## TASK OBJECTIVE
From the records below, please print only the lines from the one containing "colorado-co-granola-325-d111965.jpg" through the one containing "Pantalons & Shorts", both included. Skip the pictures.

## RECORDS SUPPLIED

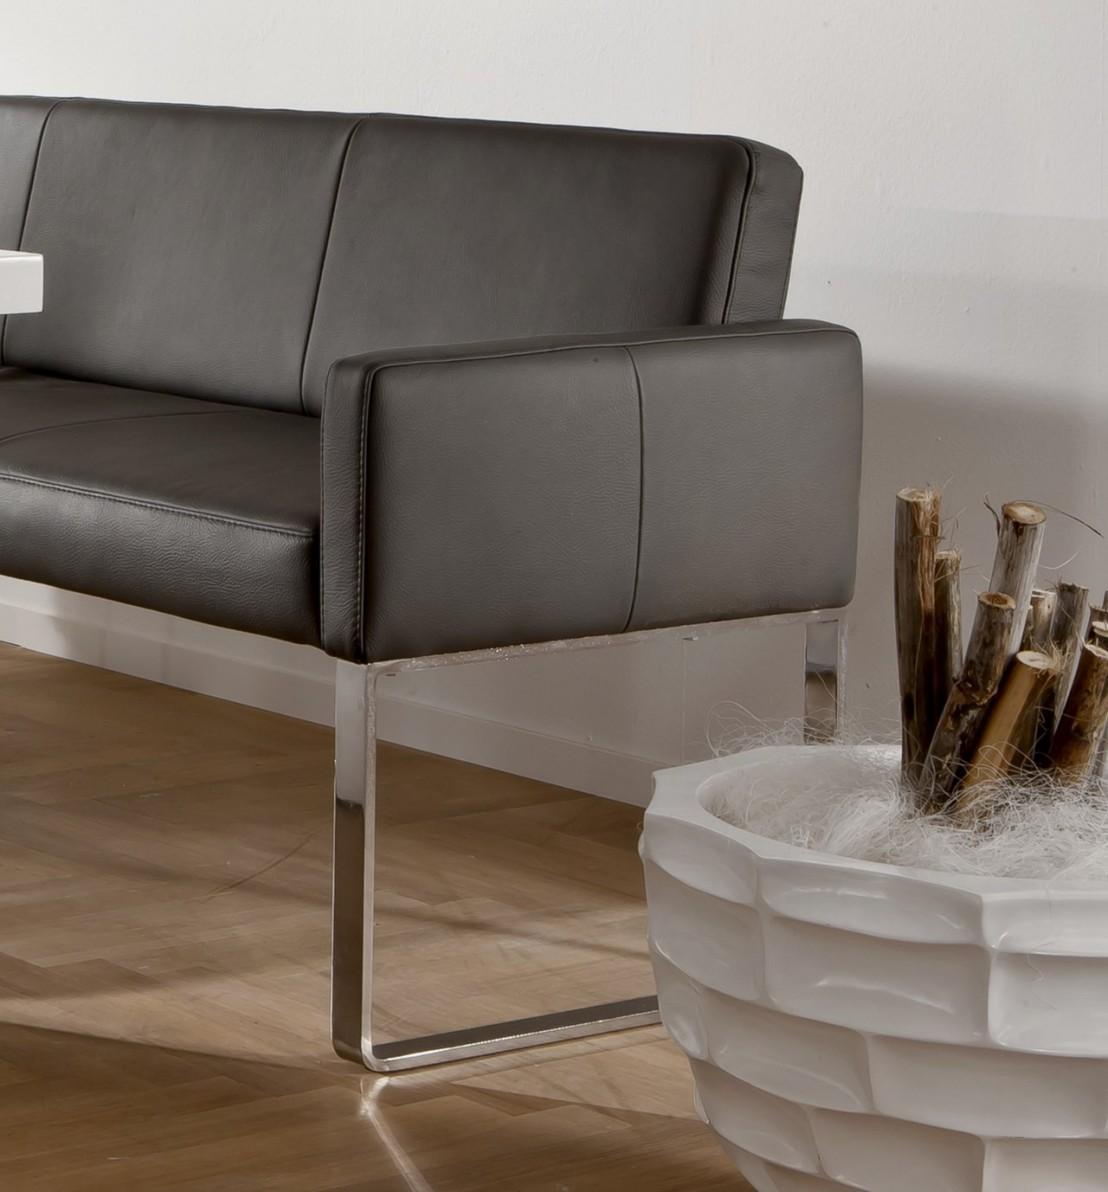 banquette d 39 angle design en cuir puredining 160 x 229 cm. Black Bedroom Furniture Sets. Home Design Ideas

* * *

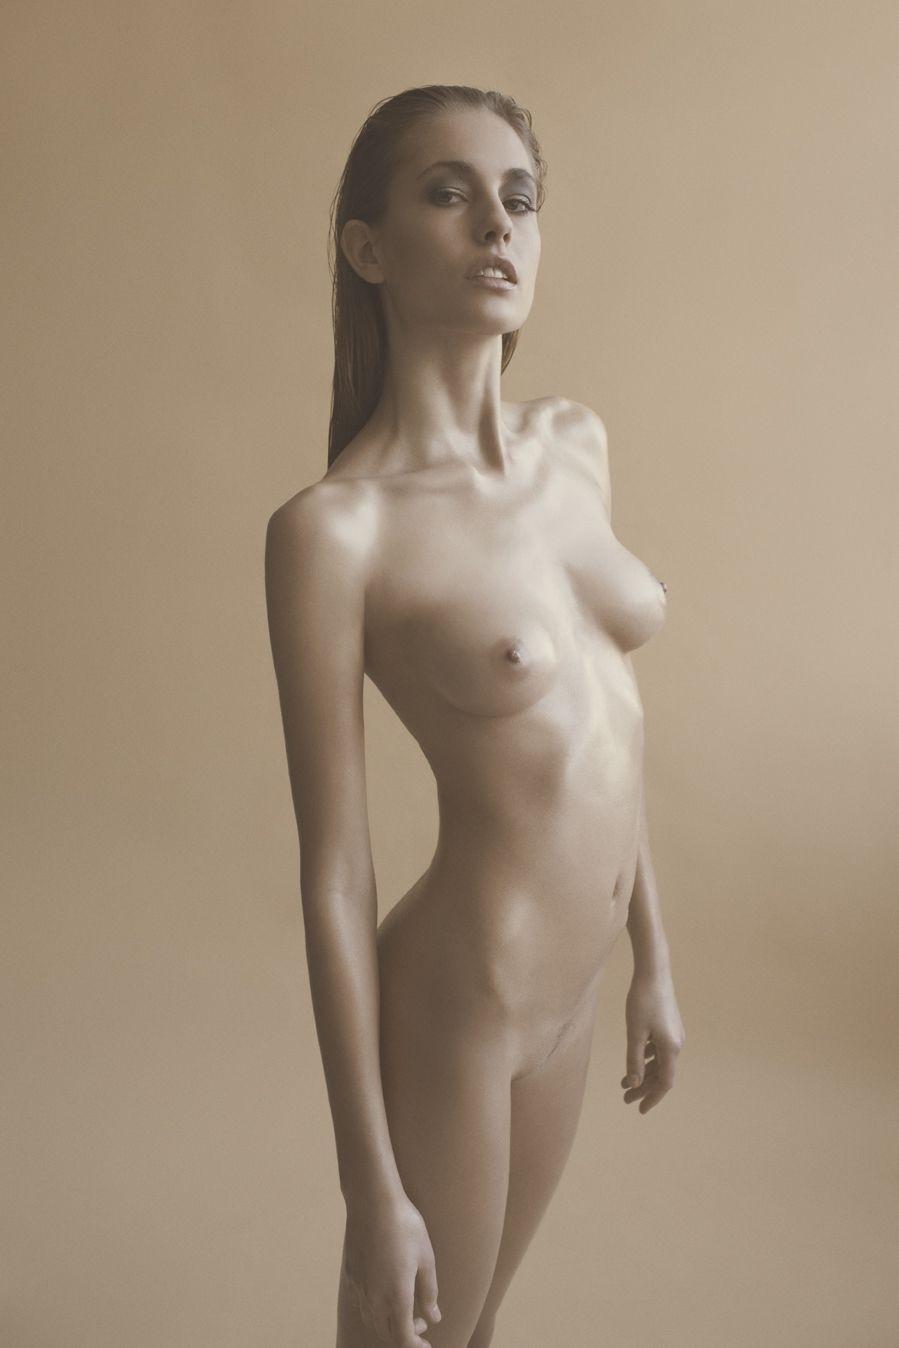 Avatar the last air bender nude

...

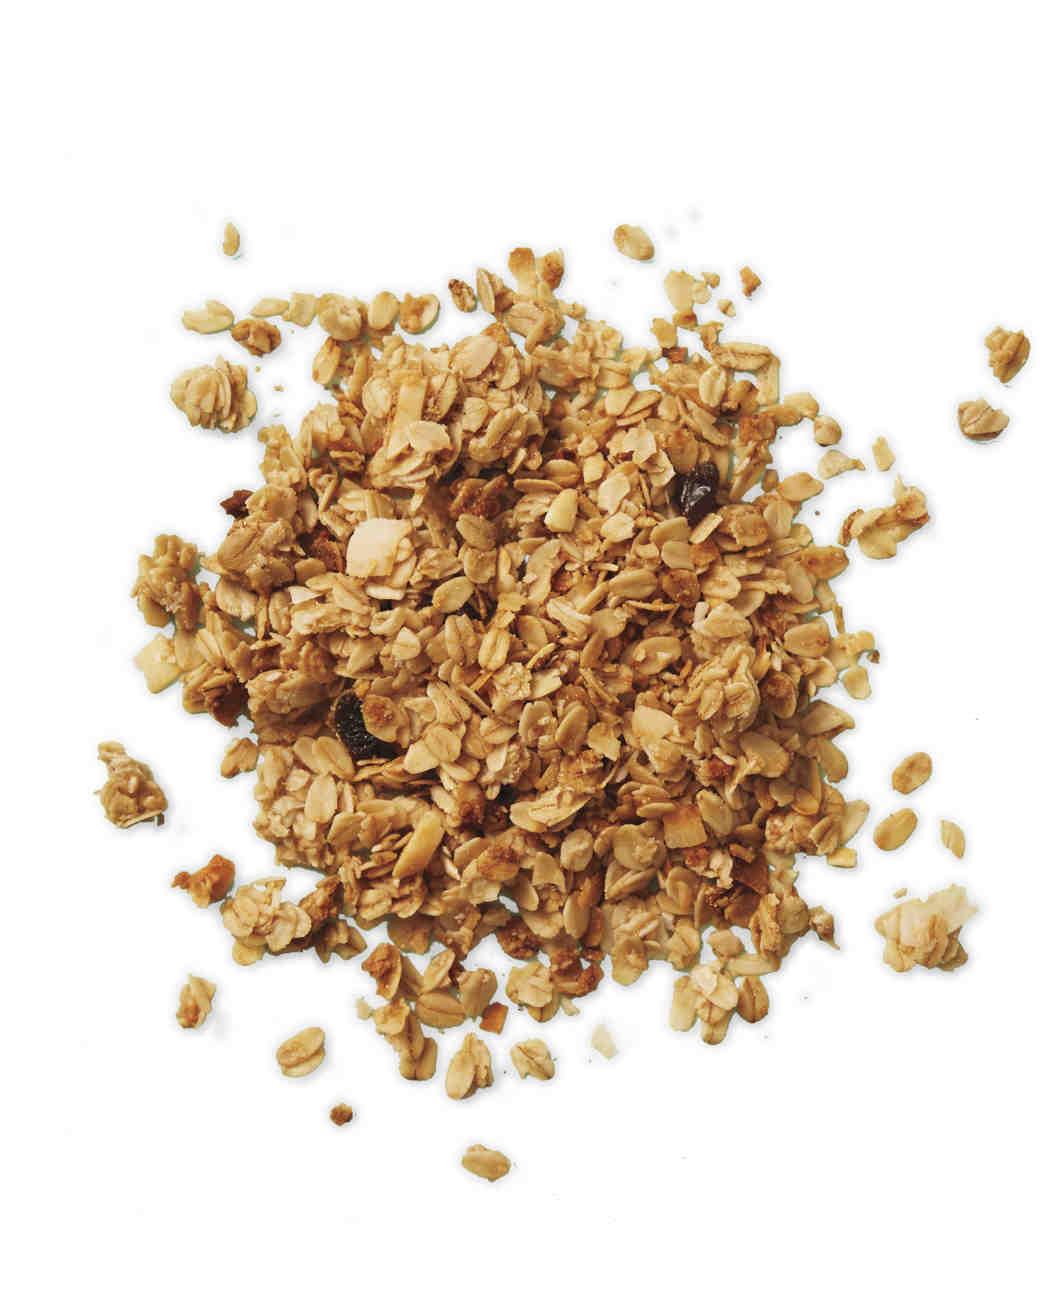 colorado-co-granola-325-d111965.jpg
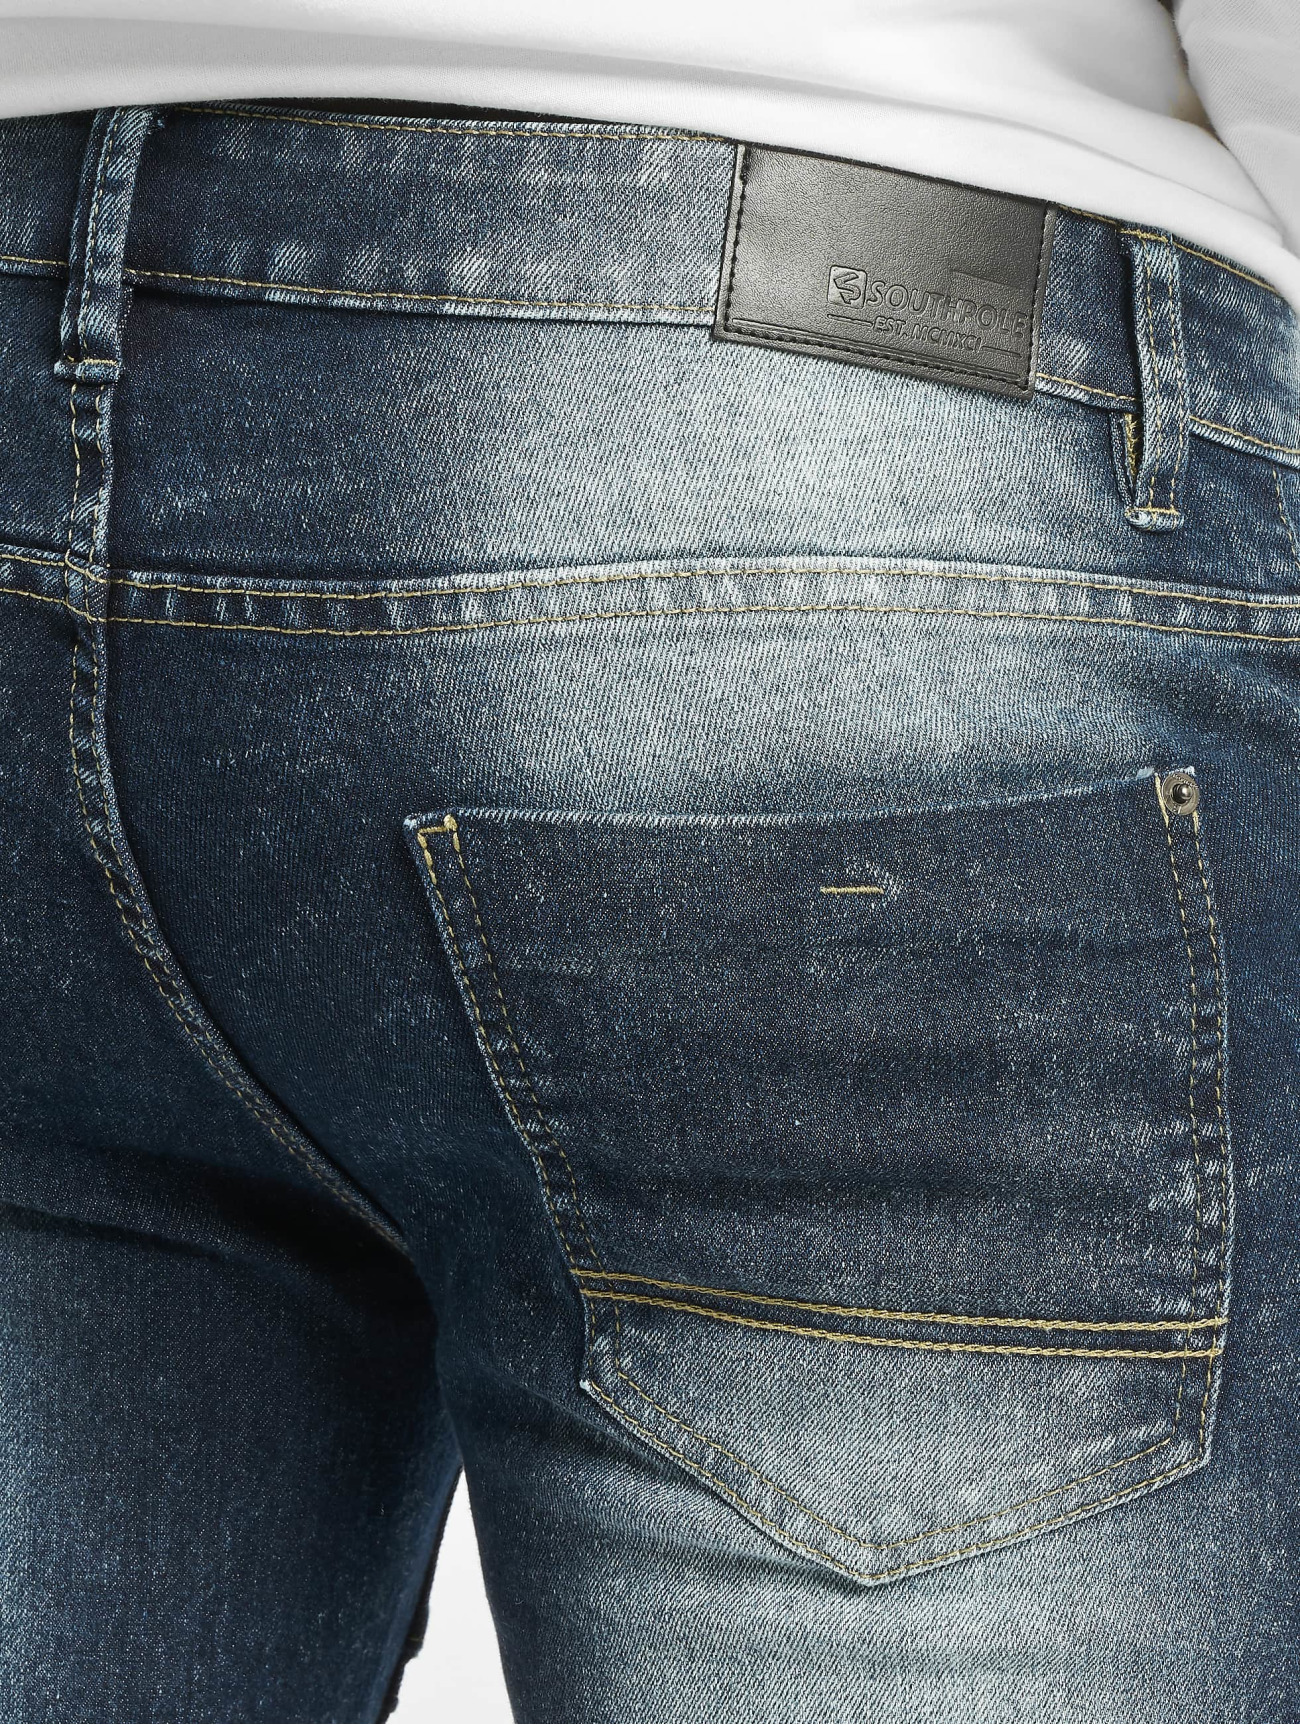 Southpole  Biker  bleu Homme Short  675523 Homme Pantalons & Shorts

## SOLUTION FOR THIS TASK
 colorado-co-granola-325-d111965.jpg
 Southpole  Biker  bleu Homme Short  675523 Homme Pantalons & Shorts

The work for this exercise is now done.